Supplied data below:

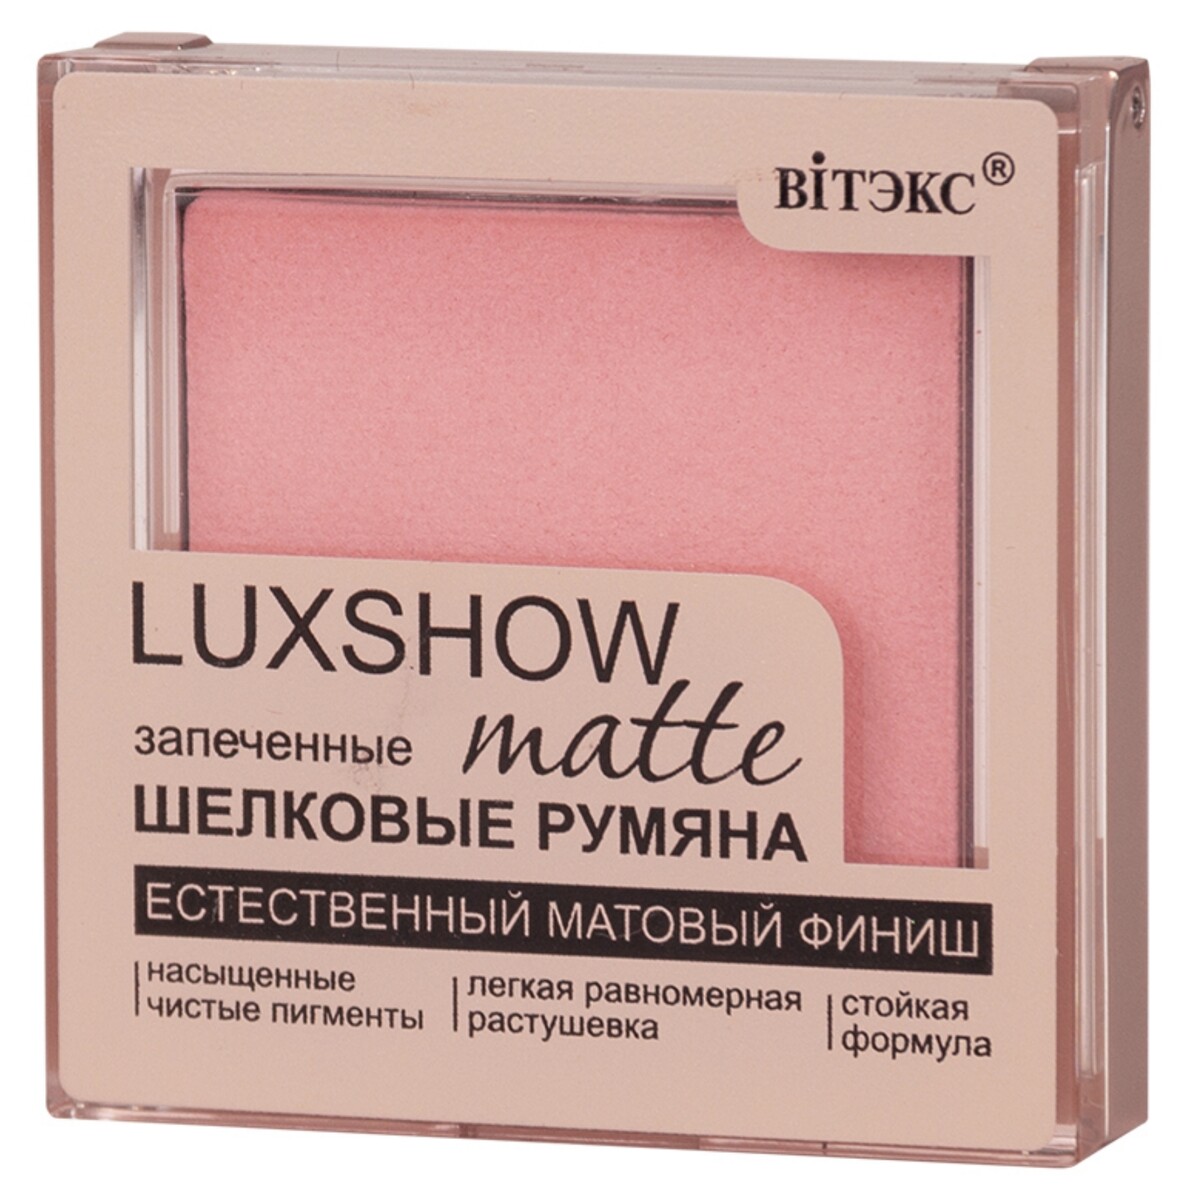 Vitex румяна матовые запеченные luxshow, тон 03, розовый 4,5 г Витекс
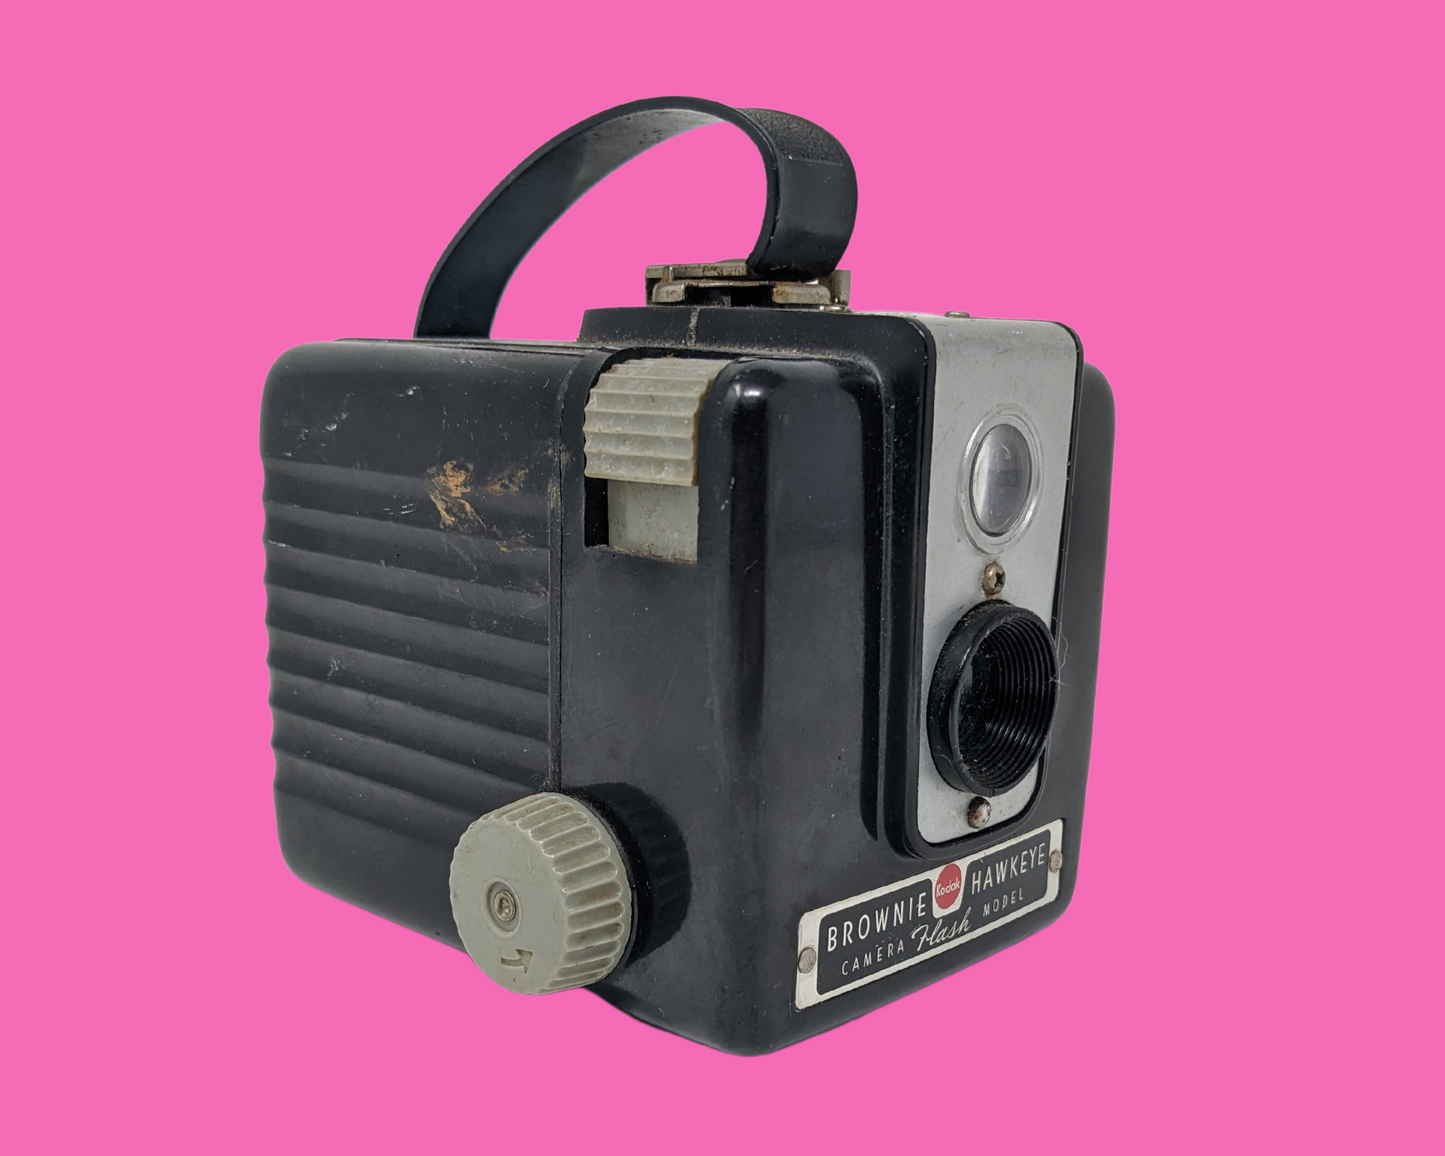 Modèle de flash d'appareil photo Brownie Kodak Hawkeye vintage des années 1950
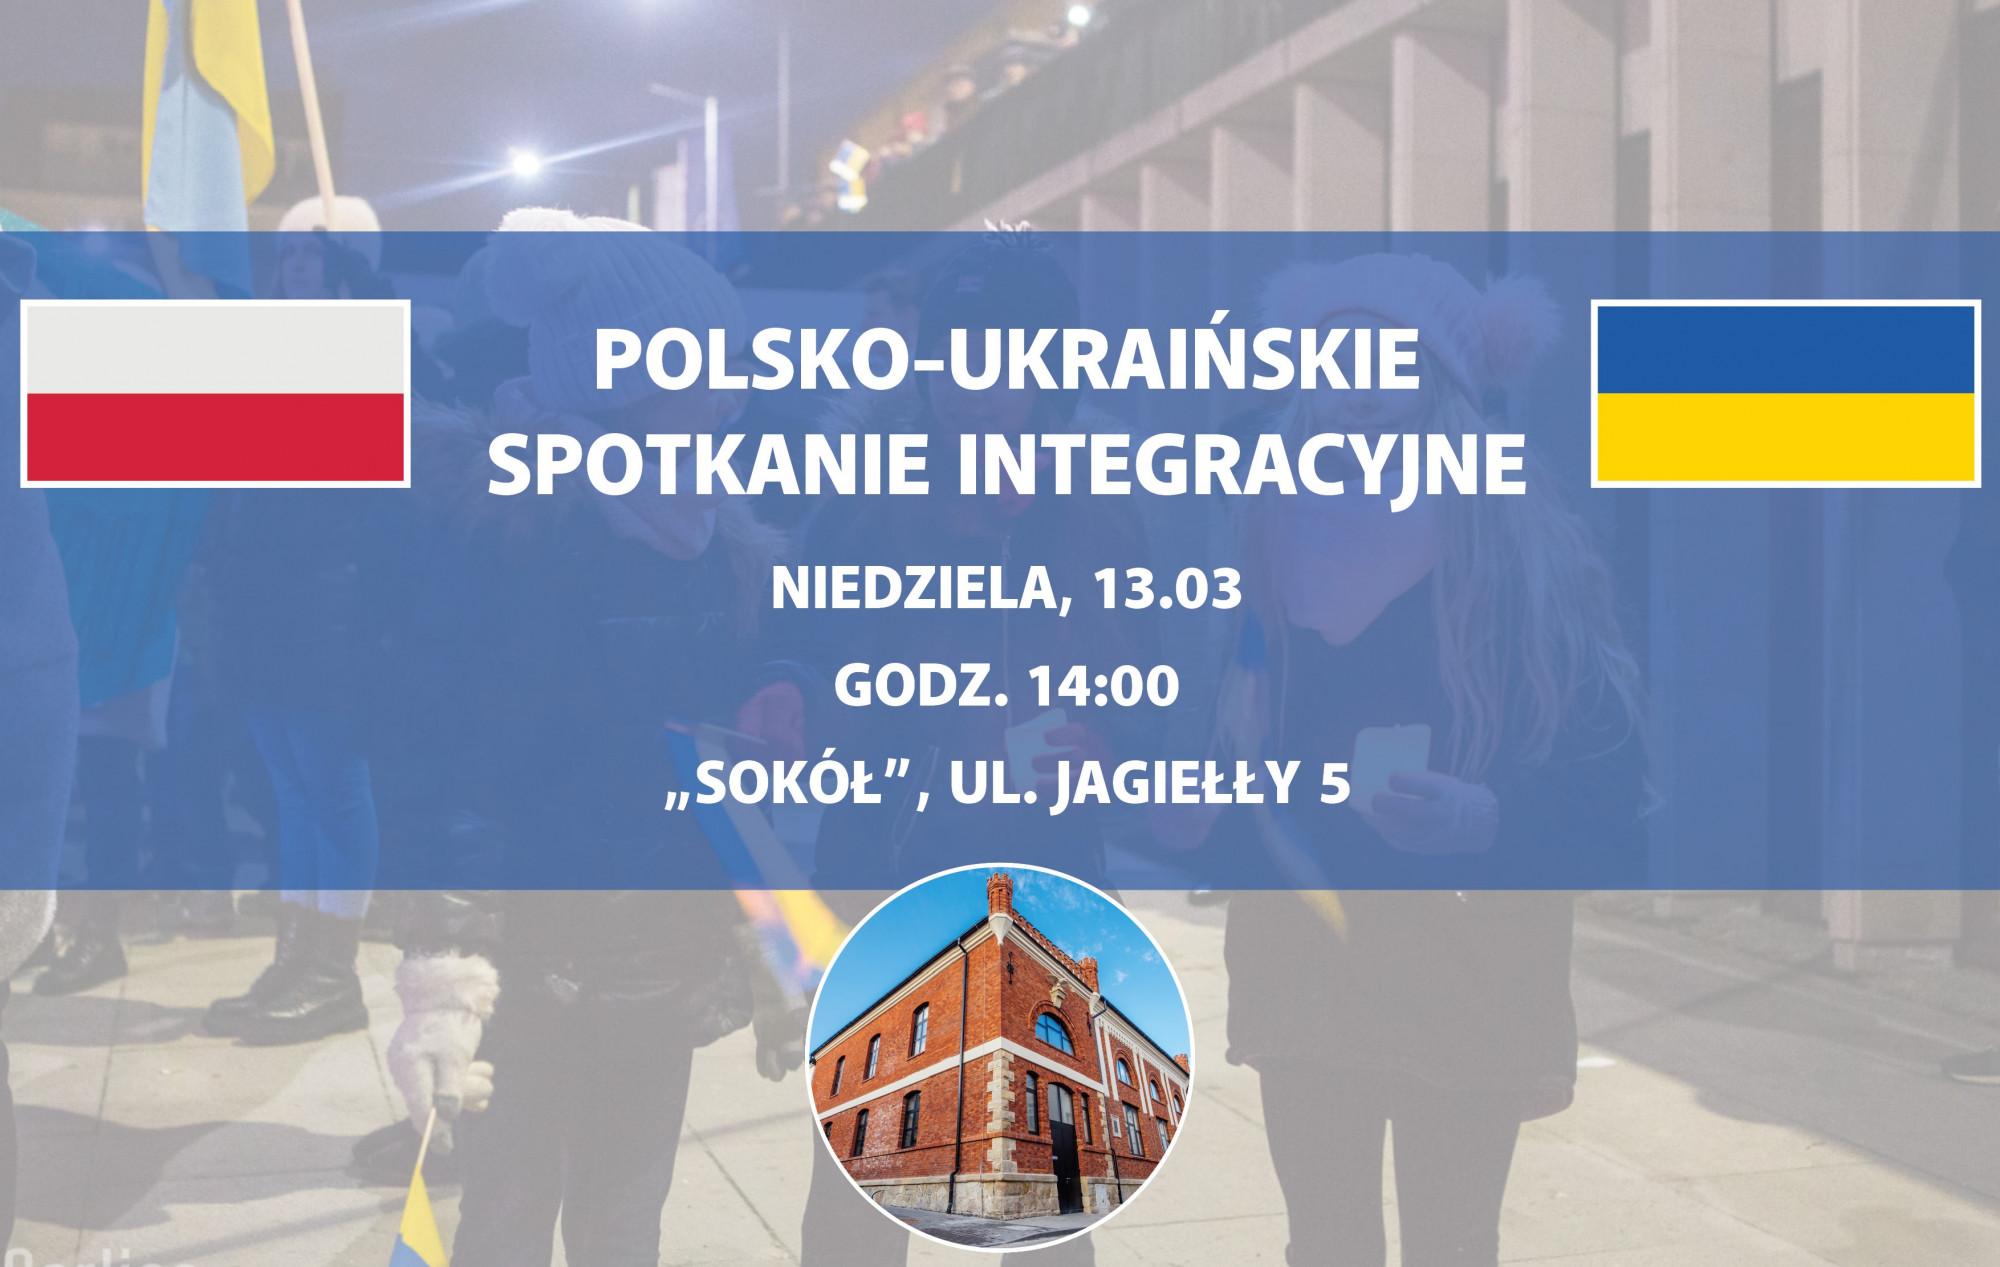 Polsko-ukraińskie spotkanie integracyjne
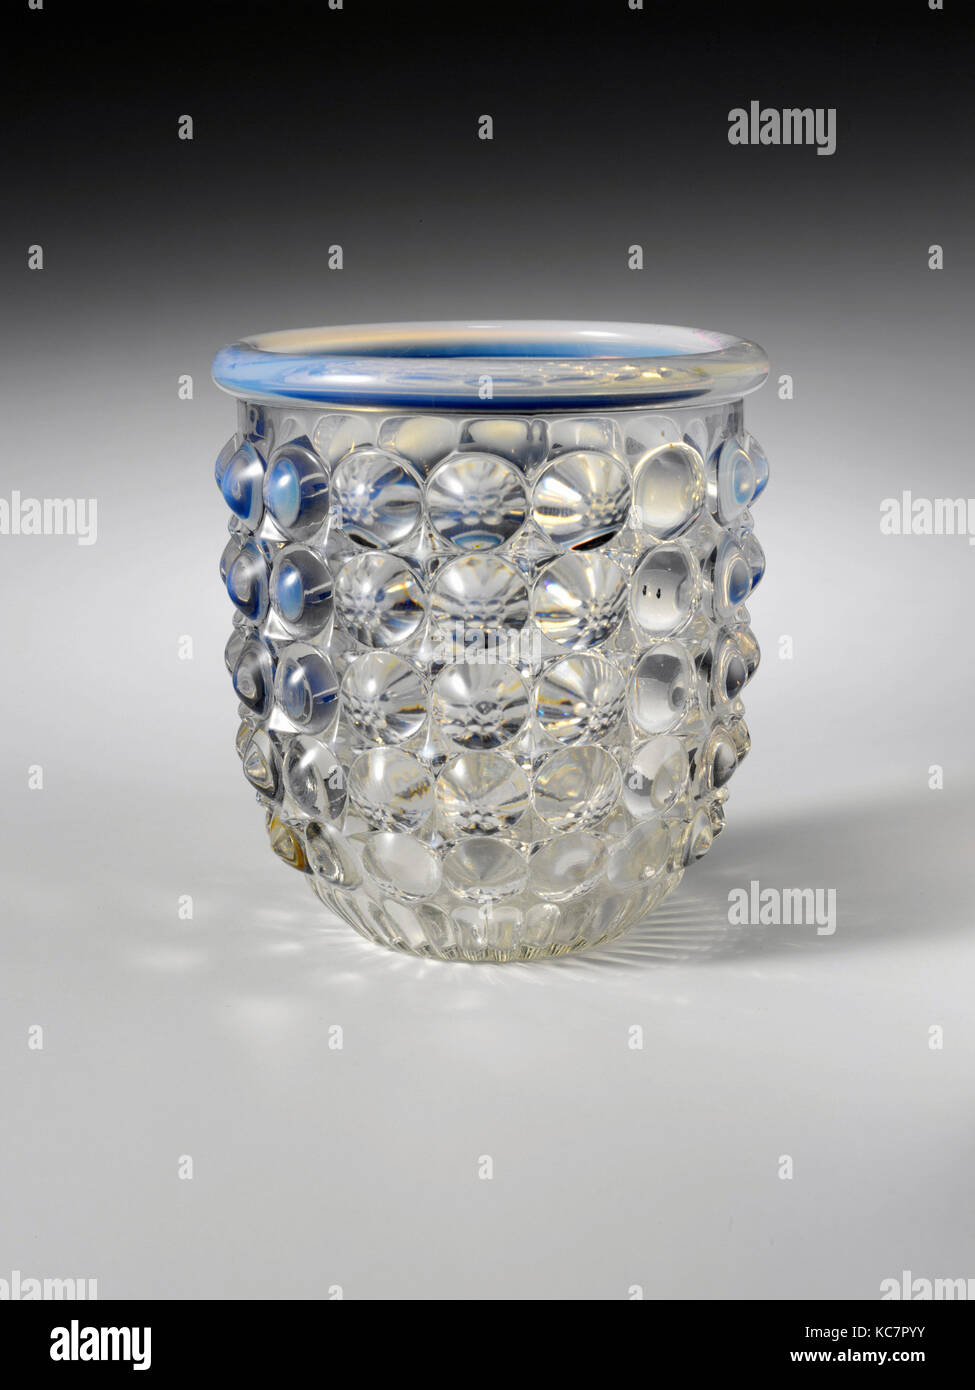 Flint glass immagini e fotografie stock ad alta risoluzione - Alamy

End of Supplied data.

§ Task instructions:
Please reproduce only the lines from the one holding "Polsko-ukraińskie spotkanie integracyjne" through the final line of the listing above, both included, with each picture left out.

§ Response to the exercise:
 Polsko-ukraińskie spotkanie integracyjne
 Flint glass immagini e fotografie stock ad alta risoluzione - Alamy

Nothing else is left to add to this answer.